If widespread rain eventuates in 2019, subsequent pasture rejuvenation and a move by livestock producers towards restocking may result in reduced demand for feed grains. However, even with rainfall, the severity of the east coast feed grain deficit makes it difficult to see any meaningful changes to domestic supply and demand pressures until late 2019.
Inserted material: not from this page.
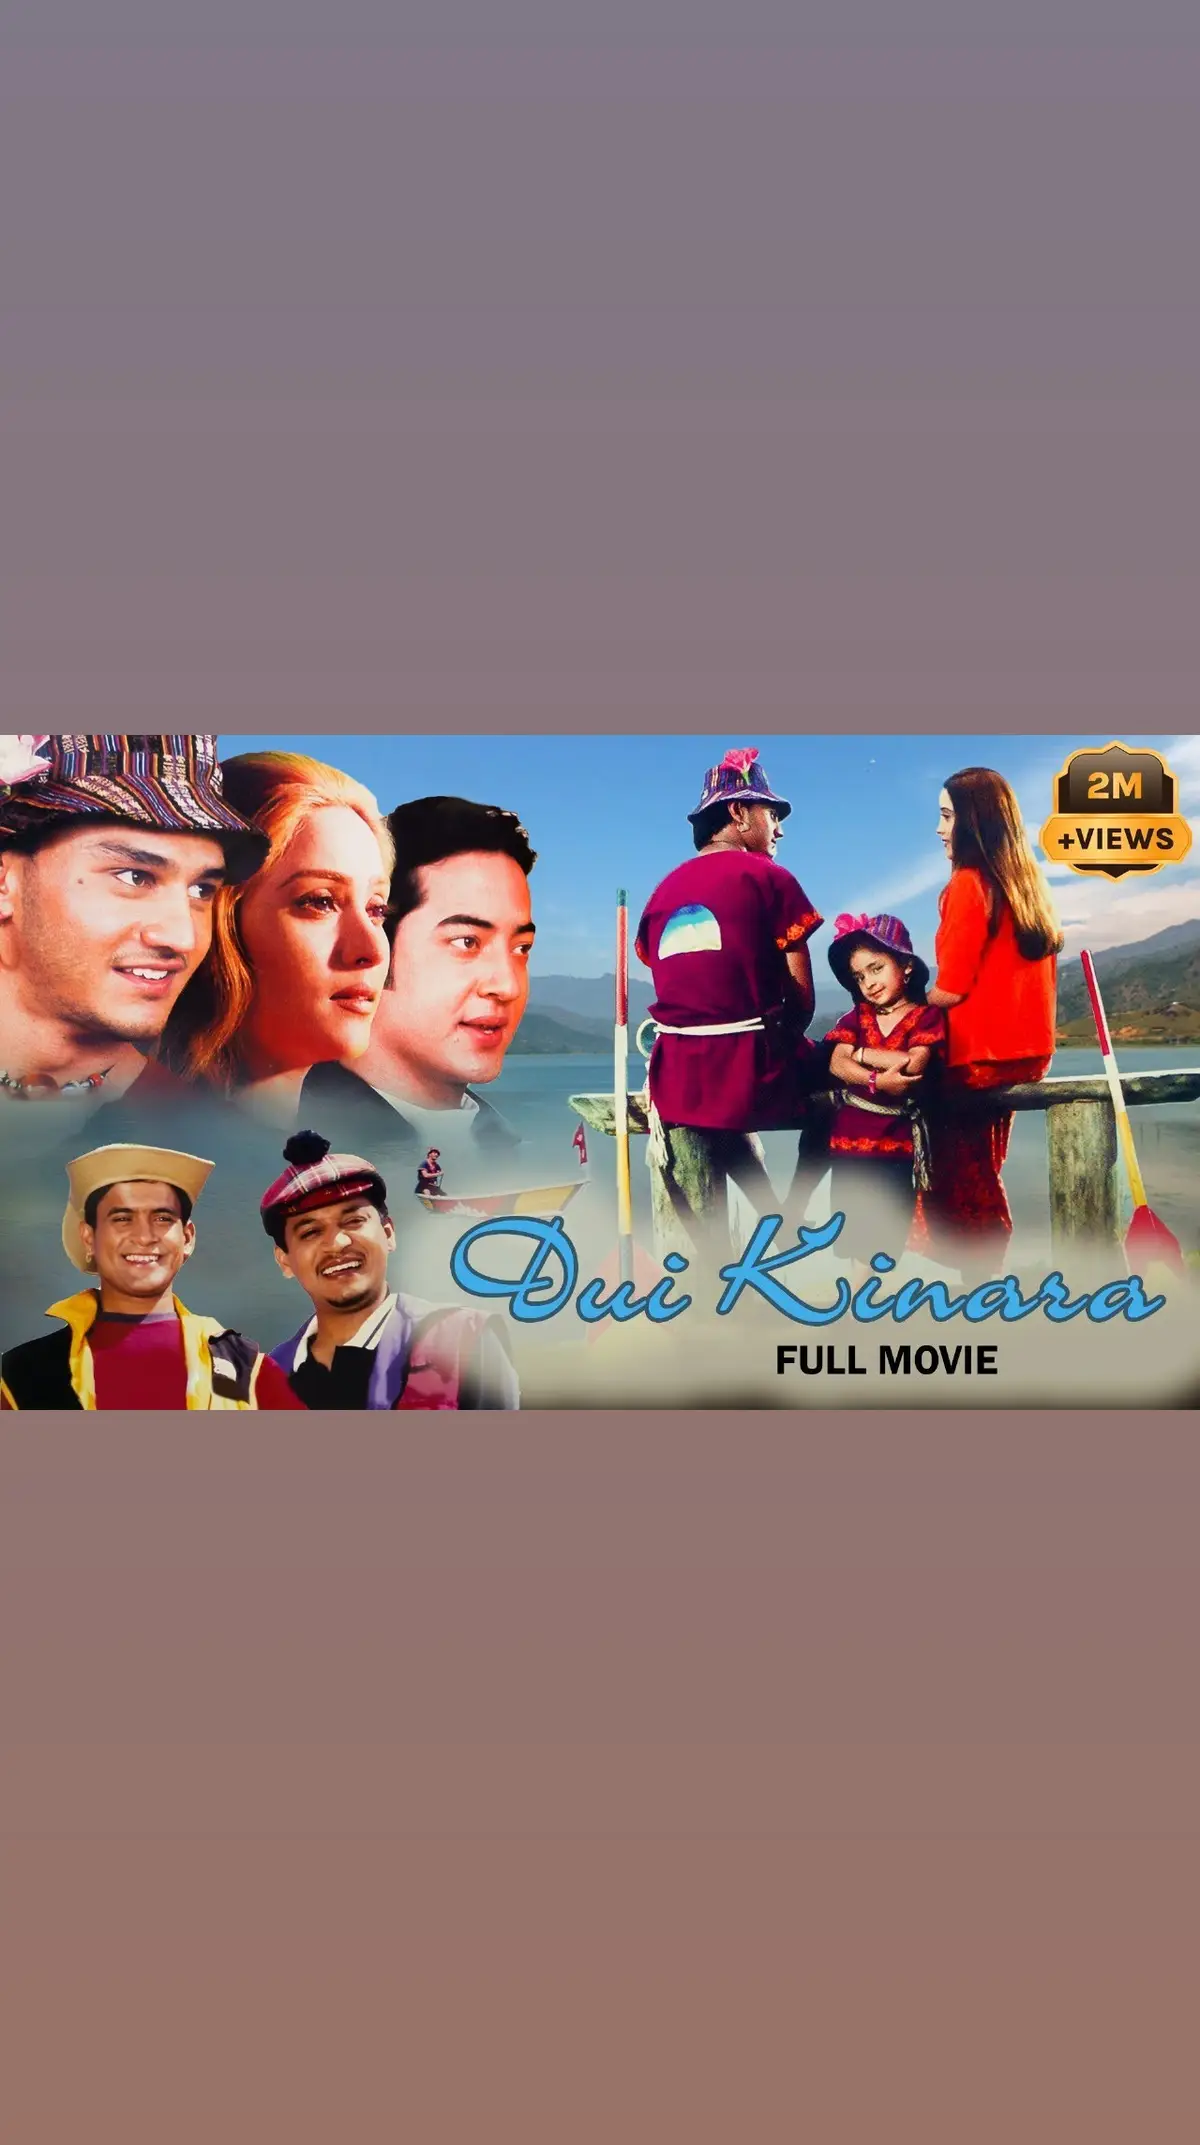 Aankha Bharika Sapana... Vocal: Udit Narayan Jha Movie:-Dui Kinara Lyrics: Tulasi Ghimire Music: Ranjit Gajmer Cast: Niruta Singh, Suman Singh, Jitu Nepal #duikinaara #duikinaramovie #aankhavarikasapana #uditnarayan #nirutasingh #sumansingh #jitunepal #tulsighimire #ranjitgajmer #duikinara #duikinaramoviesong #duikinaramovietone🌸😍😊 #duikinaramovie #duikinara❤️👌🤙 #duikinarajodejhaiphulale #duikinara💔 #duikinaravaiyorajai❤️ #duikinaravauyorajaibanibagamkholi🥰 #sumansing #nirutasingh # #anjupanta#uditnarayan#hearthackers#hearthacker..44#hearthacker2 #new #newsongs2024 #trendingsong #trendingnepalisong #trendingnepalisong2024 #newsong2024 #viralsong2024 #viraltiktok2024 #newsong2025 #gettingviral #kuwait #kuwait🇰🇼 #kuwait_tiktoker #kuwaitmuser🇰🇼 #nepaltokuwait #ZindagiRocks#zindagirocks #zindagirocks🤘🤘🤘 #happynewyear #happynewyear2024#zindagirocks🇳🇵🤟 #zindagirocks🤘 #zindagirocks🤟🤟🤟🤟 #zindagirocks🤘🤘🤘😃 #zindagirocks🇳🇵🚩🎊🎊🎉🎉🌺🌺💞💞  #zindagirocks🤘🤘❤️🥰🥰 #tiktokinthemix #chandragiri_hills#chandragiricablecar#bidurguru#हुन्छ_पूरा_चिताएको_कुरा🙏# #laxmimatapujaa #laxmimata🙏 #laxmimata🙏🌺🌼🌸🌸 #hearthacker#hearthacker44 #happyteej #happydashin #happydashintoall🥰 #happydashin2080 #dasnin2080 #happydashin❤️❤️ #happydashineveryone #happydashintoallnepalifam #happydashinallofyou🙏🙏 #happydashin🌺 #happydashin💐 #happydashininadvance #greatfestival #greatfestivalofnepali #greatfestivalofnepalipeople #greatfestivalofnepaliwomen #greatfestival❣️💞 #greatfestivalofhindu #badhadashin #nauratha #durga #durgama #madurga #naurathadevi #hetauda #kc #upendrakc #hetaudamuser#hearthacker #hetaudamuser🇳🇵  #sujanchapagain #sujan_chapagain #alexbishwakarma #bibhuta #paras #katakkimankhani #katakki_mann_khani #nepalipopsong #neppop #rock #sanchitaluitel ##thank_you_momdad😍 #lossingsupport💔🙂 #lossingyou #nepal #friend #foryourpage #zameen#oldisgold #trending #fyp #fypage #goviral#happy #2023 #songs #song#tseries #happy #fyp #fypシ #fypシ゚viral #fyppppppppppppppppppppppp #f #fyp #fy #fypシ #fypage #fypシ゚viral #fypdongggggggg#fyppppppppppppppppppppppp #goviral #go #trending #trnding #nepalitiktok #tiktok #tiktokindia #titokusa #old #movies #film #songs #videoviral #video #bestsongever#bidyabalan #vidyabalan#Love         ..@महारानी 👑🥀🦋 @フ°ラシ

Barley markets have followed a similar trend to wheat in 2018, with Port Adelaide feed barley values up 45 per cent year-on-year. China’s recent anti-dumping investigation into Australian barley exports has brought an air of uncertainty to barley markets.  While these claims are not expected to be upheld, China is a significant trade partner accounting for 75 per cent of Australia’s barley exports in the 12 months to October 2018. Continued access to the Chinese market will be a key determinant of barley values in 2019.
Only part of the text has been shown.